◆ **Required action**: In the listing below, find the line holding "The Osaki OS-Pro" and the line holding "Method for the". Write out those two lines and all lines between, exactly, and nothing more.

◆ **Excerpted data**:
------------------------------
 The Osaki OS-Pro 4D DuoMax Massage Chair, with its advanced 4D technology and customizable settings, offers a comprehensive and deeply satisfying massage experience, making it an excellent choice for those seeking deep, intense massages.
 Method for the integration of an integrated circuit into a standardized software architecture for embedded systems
------------------------------
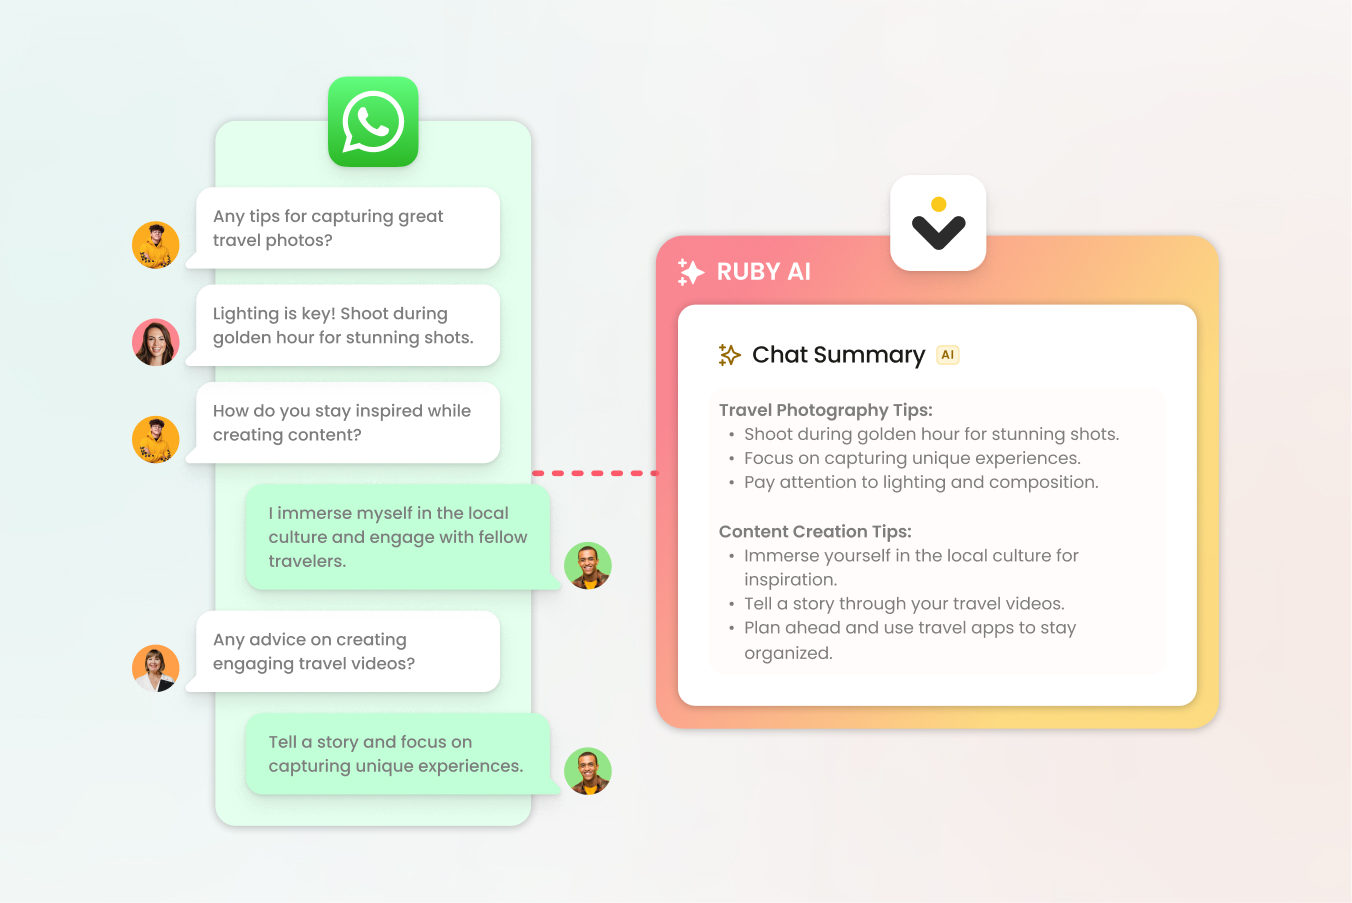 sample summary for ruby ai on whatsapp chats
------------------------------
◆ **Completed exercise**:
 The Osaki OS-Pro 4D DuoMax Massage Chair, with its advanced 4D technology and customizable settings, offers a comprehensive and deeply satisfying massage experience, making it an excellent choice for those seeking deep, intense massages.
 Method for the integration of an integrated circuit into a standardized software architecture for embedded systems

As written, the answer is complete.